When Carter G. Woodson started “Negro History Week” in 1926, he imagined a time when Black History would be recognized in schools throughout the year. “We should emphasize not Negro History, but the Negro in history,” he wrote in 1927. “What we need is not a history of selected races or nations, but the history of the world void of national bias, race hate, and religious prejudice.” But we cannot begin to meet Woodson’s curricular standards of History until we unveil the narrative assumptions that fuel and continue to perpetuate the lie. In both curricular and pedagogical terms, the lie cannot be relegated to a month of celebrations and critical interrogations. It’s too big and formative to be contained within the curricular and pedagogical bubble of Black History. Indeed, the lie gains currency because of the segregation of Black History to one month out of the year. Current standards of American history and the hegemony of Black History Month belie the lie.

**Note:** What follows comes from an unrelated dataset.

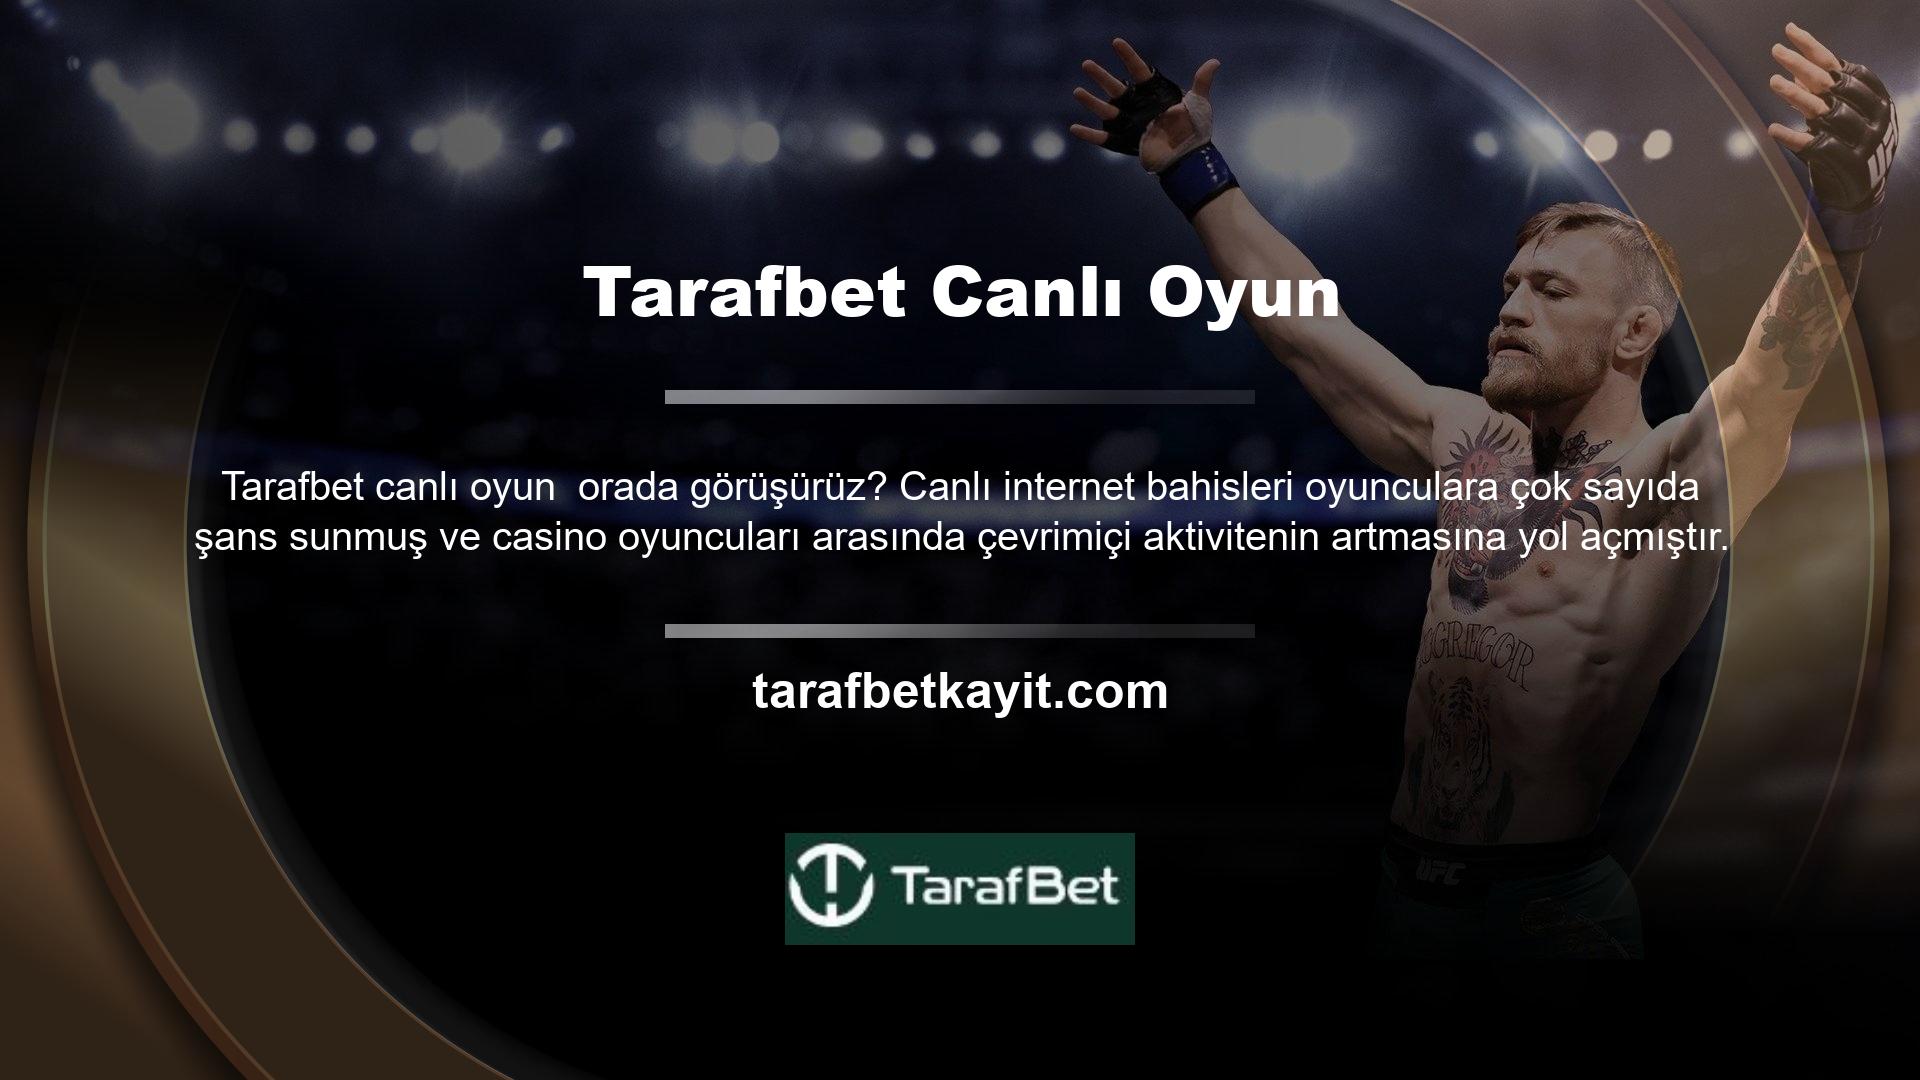 Türkiye casinoları da canlı oyunlar sunmaktadır

The extraordinary successes of African American people in the United States is in spite of the lie, not evidence that it doesn’t exist or is slowly losing its power over the Nation’s memory and imagination.
The lie speaks to the history of all of us. It is central to our understanding—past and present—of Nation, race, opportunity, freedom, democracy, education and each other. The only unknown variable in the architecture of the lie is whether it will continue to shape the future as it does the present and past. As James Baldwin knew better than most, the lie gives credence to the problematic notion of race itself. Until we can confront the spectacle of the lie—expose it as the visible negation of life that it is—we will not be able to move beyond race. Until we can move beyond race, we will continue to struggle to realize the love and power in our shared humanity.